Outside, the March temperatures were in the teens, the wind was biting and a light snow swirled beneath a crescent moon.
But inside a packed ballroom in the Saratoga Hilton Friday night, Auburn teacher Joe DeCarlo received a warm and hearty burst of applause for receiving NYSUT’s Unsung Hero award at the biennial Health and Safety Conference.
DeCarlo, a member of the Auburn Teachers Association, came to his first Health and Safety Conference in 2015, when the last one was held. He was so fired up about what he learned that he went back to his school district ready to roll up his sleeves. DeCarlo realized that his district did not have a health and safety committee, even though it is required by law.

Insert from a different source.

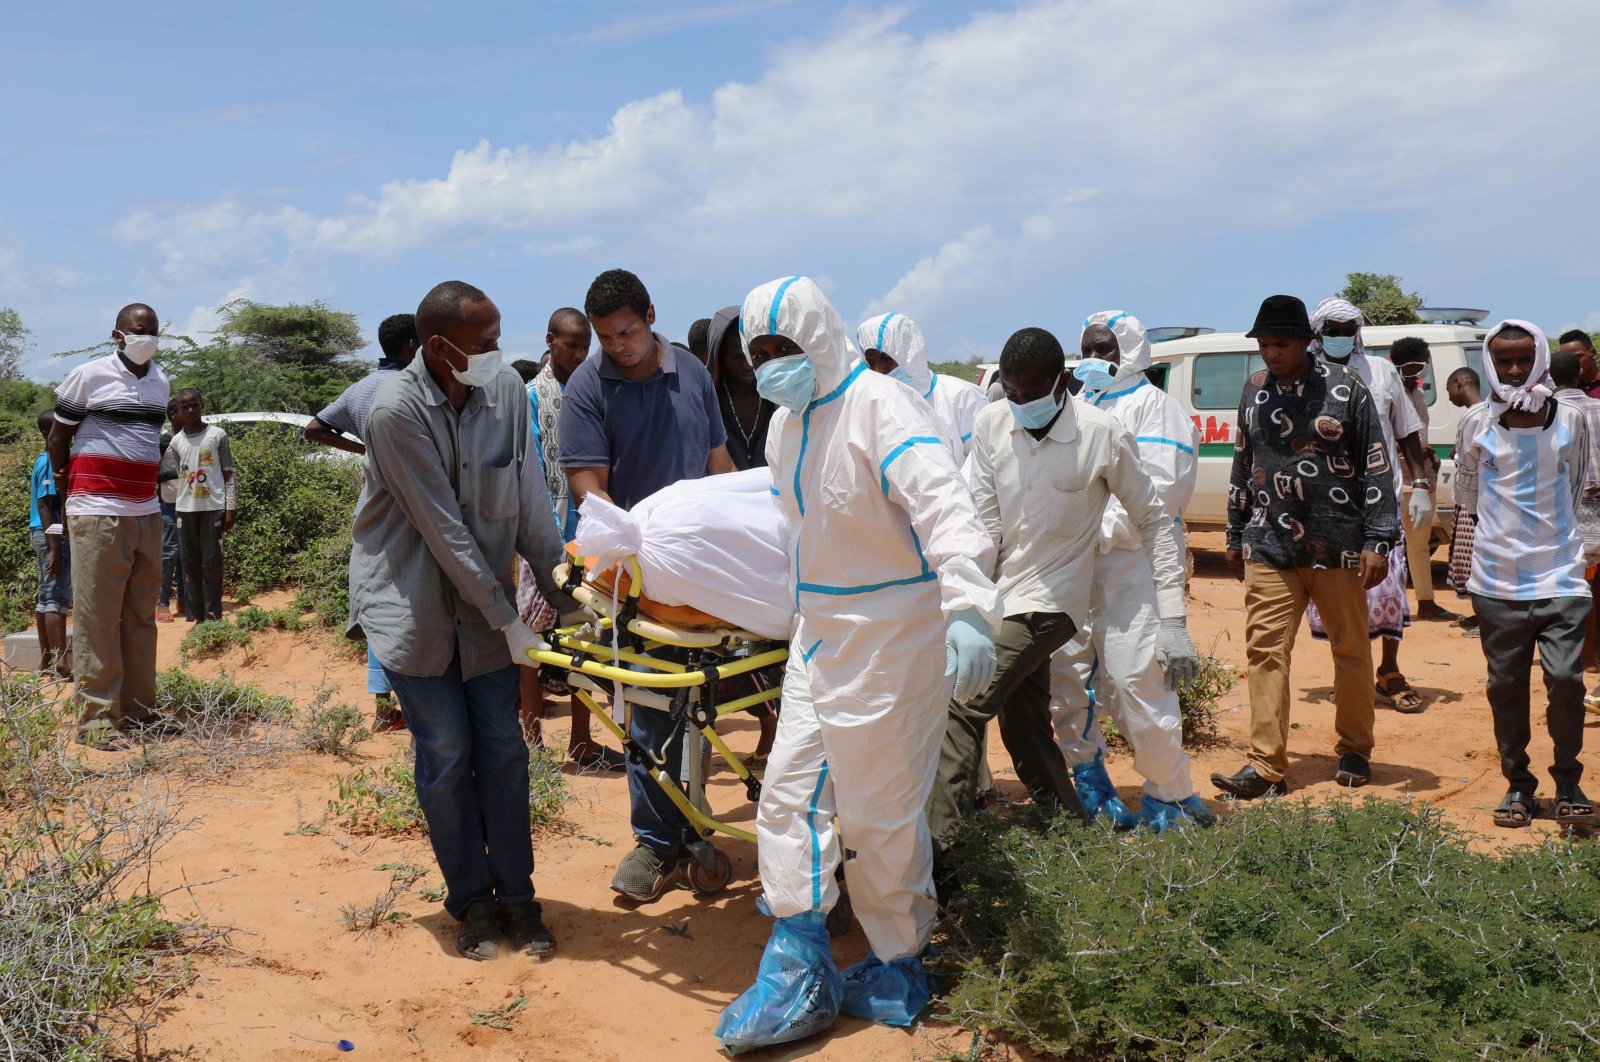 Somali workers in protective suits and civilians carry the body of a man suspected to have died of the coronavirus disease, for burial in Madina district outside of Mogadishu, Somalia April 30, 2020. REUTERS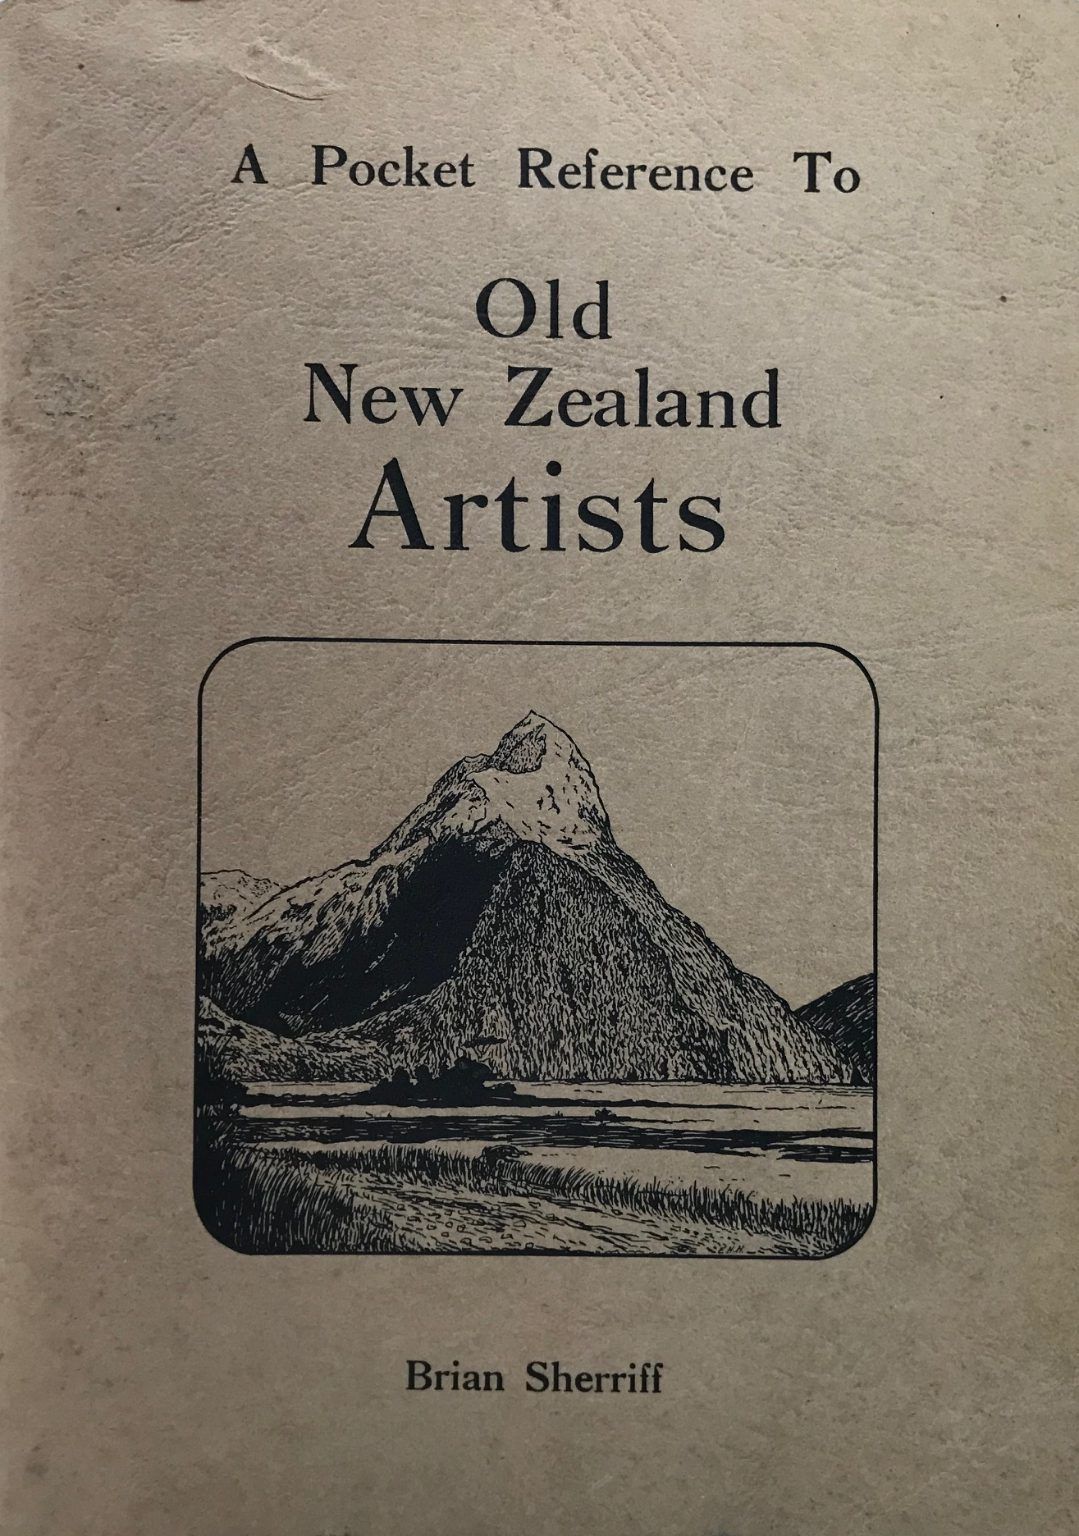 A POCKET REFERENCE TO OLD NEW ZEALAND ARTISTS

He started an ATA health and safety committee, which he now chairs, and then a district-wide committee involving staff, members of other unions, administrators, and teachers. He is co-chair of that committee.
“The district is now addressing long-standing issues,” he said, including rodents, ventilation problems and temperature extremes. He was also able to prove that by OSHA standards, faculty required a certain number of toilets, separate from students, and those were provided.
Holding up his new plaque, a smiling DeCarlo said that “The training and learning is the real award.”
In his new role on the health and safety committee, he put together a survey of union members to see what teachers concerns were. Their #1 concern is air quality and temperature, he said.
He installed uniform thermometers in classrooms with specific issues; they register humidity and temperature levels. In one building, one classroom was 56 degrees while another was 86 degrees. In one wing of a school, where four kindergarten classes are located, the temperature was 88 degrees.
“Our littlest ones were experiencing high extremes,” he said.
He urged union members to collect data for NYSUT, which is tracking temperature disparities to advocate for a law that would limit upper temperature extremes. Participants are asked to collect temperatures in September and again in May and June for a two-week period. Information can be found at www.nysut.org/healthandsafety. For further information, contact Wendy Hord, NYSUT health and safety specialist, at email@example.com.
The second biggest concern is his district, mirrored in some other schools as well, is failure to fill positions when someone is sick.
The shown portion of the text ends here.